Monday, July 27, 2009

Some Thoughts about Serious Games

This is going to be part 1 of 2 of my critiques on two different "genres" of games. This first part is about serious games. I've got some personal experience with this subject matter, as my very own school has a department dedicated to the creation of these "serious" games. I'm going to be completely honest here; I hate the term "serious game". I'm going to give you some official definitions, and then I'm going to tell you why I think it's a value judgment on our industry, and then I'll let you know how that value judgment actually works against us rather than propelling us forward. By us, I mean all developers in every part of the industry, including "serious" game designers.

So, what are serious games? I've found a few definitions that I’ll list here.

From the Michigan State University website (MSU hosts a conference called "Meaningful Play" that is all about serious games, so I think their definition can be used for reference): "Serious games are games with purpose beyond just providing entertainment. Examples include, but are not limited to, games for learning, games for health, and games for policy and social change."

Wikipedia says: "A serious game is a software or hardware application developed with game technology and game design principles for a primary purpose other than pure entertainment."

Gamasutra’s sister site Serious Games Source says: "...games created for training, health, government, military, educational and other uses."

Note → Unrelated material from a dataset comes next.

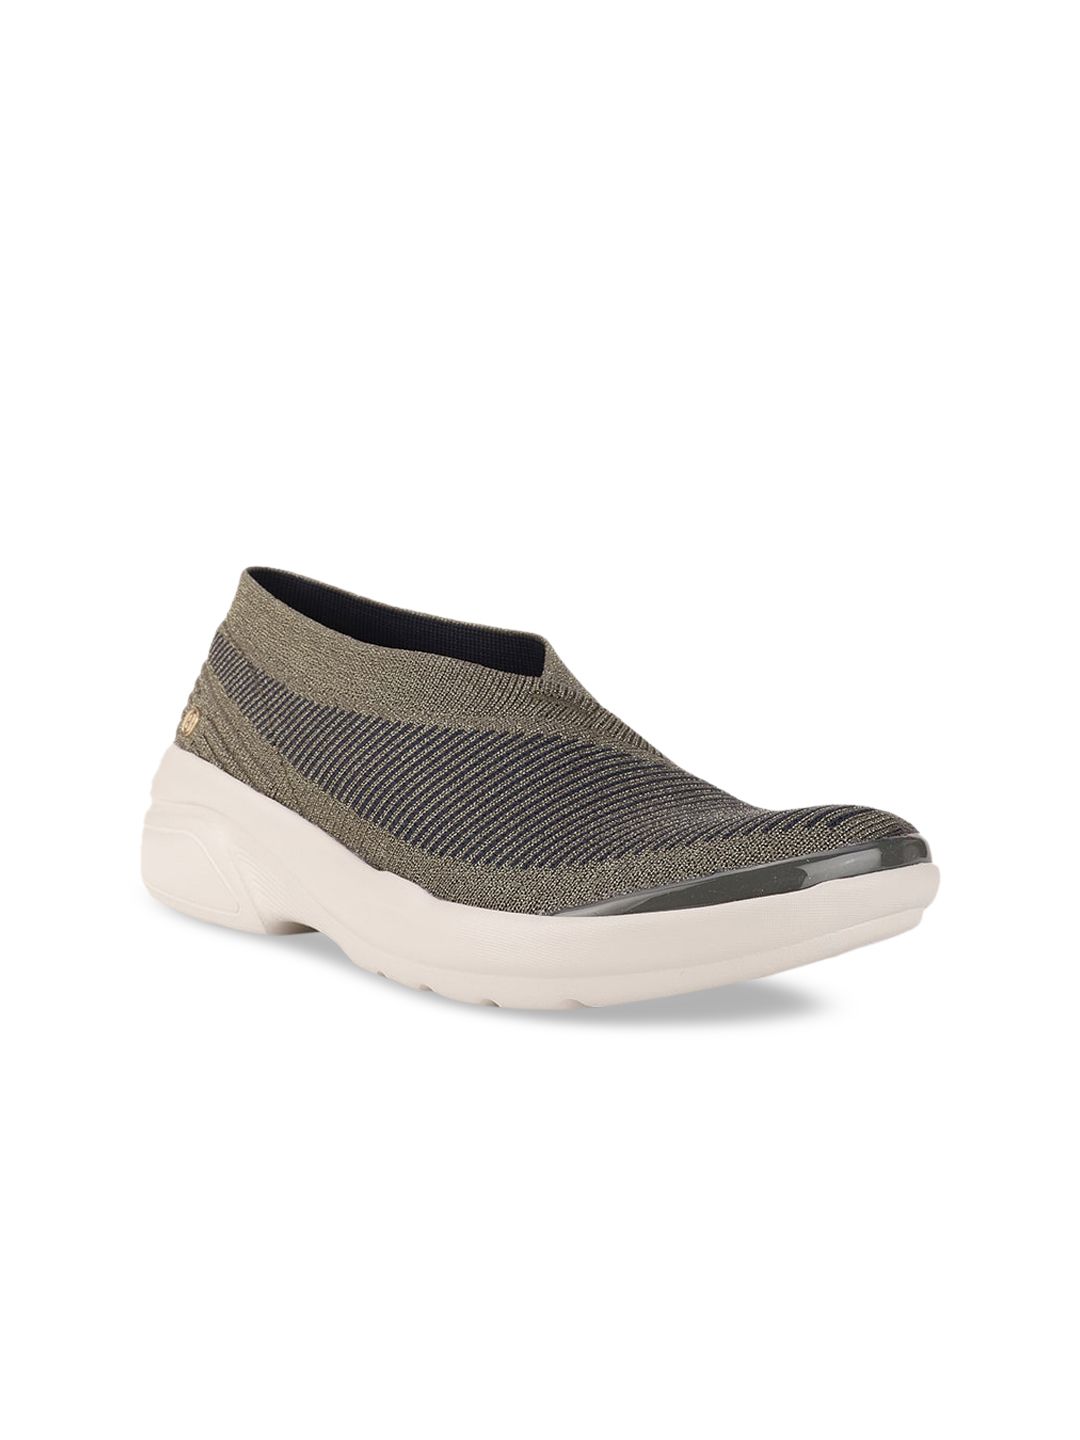 Naturalizer Women Olive Green Woven Design Slip-On Sneakers Price in India

So there is one thing these definitions agree on, save for the last one. That is that serious games are for something other than "pure entertainment". This implies that any game that is "non-serious" is only for entertainment. These people are implying, some explicitly so, that any game which is non-serious cannot have a real impact beyond being entertaining. Uh, what? Not only that, but to give themselves credibility they lump in government and military training simulators and educational titles.

So, what we're really looking at is a number of two different types of serious games. Those that are developed explicitly for classroom use, government, and training purposes and also those games which are intended for the general public to promote some idea or theme.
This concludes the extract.